I am at a loss for the second part. It seems to me that it should be a logical step from the first part but I cannot seem to make sense of it. Also, the hint should be a big help but I don't see how. Anything to put me on the right track is appreciated.

 

[Dick]

Approximate f(x) by a polynomial p(x) within epsilon. Now integrate f(x)*(f(x)-p(x)). What's the integral of f(x)*p(x)? Can you use that to say something about the integral of f(x)^2?

 

[linearfish]

Let me see if I got this:

Say the integral of f is A. Then
$$\int_0^1 f(x) (f(x)-p(x)) dx \approx \epsilon * A$$
Since
$$\int_0^1 f(x)^2 dx = 0$$
Then
$$\int_0^1 f(x)p(x) dx \approx - \epsilon*A$$

Because epsilon may be made as small as we wish, this implies the last integral is 0. Then can we use the MVT for integrals to show f(x) is the zero function. Or am I looking at this wrong still?

Thanks for the help.

 

[Dick]

No, not quite. You want to prove that the integral of f(x)^2 is zero, not use it as an assumption. Hint: the integral of f(x)*p(x) is ZERO. Can you tell me why?

 

[linearfish]

I'm a little confused as to why we're proving that. In the first part it's given and it doesn't seem relevant in the second.

 

[Dick]

I'm a little confused as to why we're proving that. In the first part it's given and it doesn't seem relevant in the second.

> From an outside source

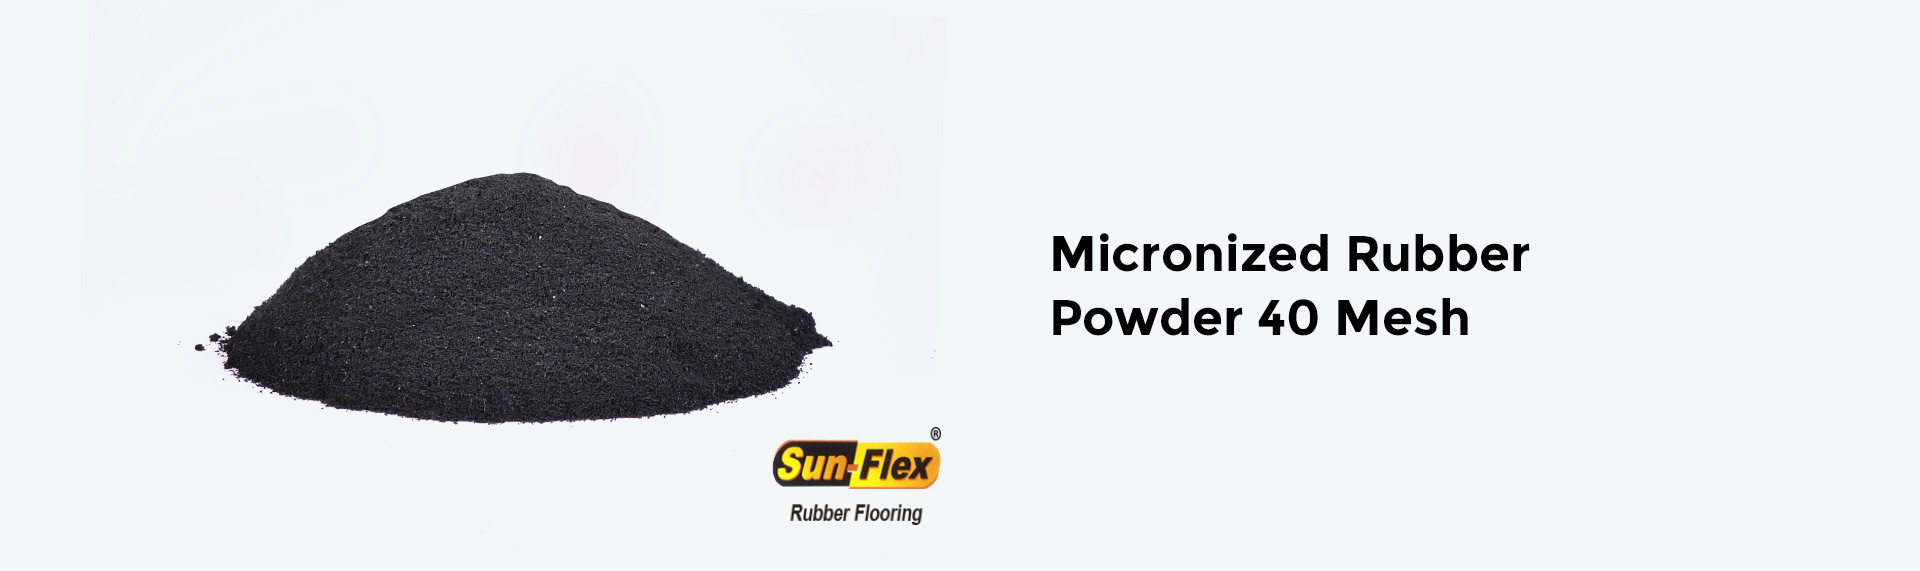 Micronized-Rubber-Powder-40-Mesh

They are two separate problems. You've already shown i) integral f(x)^2=0 implies f=0. Now you want to show ii) integral f(x)*x^n=0 implies f=0. I'm suggesting you use integral f(x)*x^n=0 to show f satisfies the premise of i). Here's another hint why integral f(x)*p(x) must be exactly zero (without assuming integral of f(x)^2 is zero). p(x) is the sum of a bunch of things like a*x^n.

 

[linearfish]

Okay, I think I follow that. Thank you.

$$\int_0^1 f(x)p(x) dx$$
$$\int_0^1 f(x)(a_0 + a_1 x + ... + a_n x^n) dx$$
$$a_0 \int_0^1 f(x) dx + a_1 \int_0^1 f(x) x dx + ... + a_n \int_0^1 f(x) x^n dx$$

Each of these integrals is 0 by assumption since the a's are constants. Thus,

$$\int_0^1 f(x)(f(x) - p(x)) dx = \int_0^1 f(x)^2 - f(x)p(x) dx = \int_0^1 f(x)^2 = 0$$
because f(x) - p(x) is arbitrarily close to 0. Thus by part (i) f(x) = 0 for all x in [0,1].

 

[Dick]

That's it. You can show integral of f(x)^2 is arbitrarily close to zero. Hence it is zero. Hence f=0.

 

[linearfish]

Awesome. Thanks for the help. Now I can only hope that this problem is on this year's exam.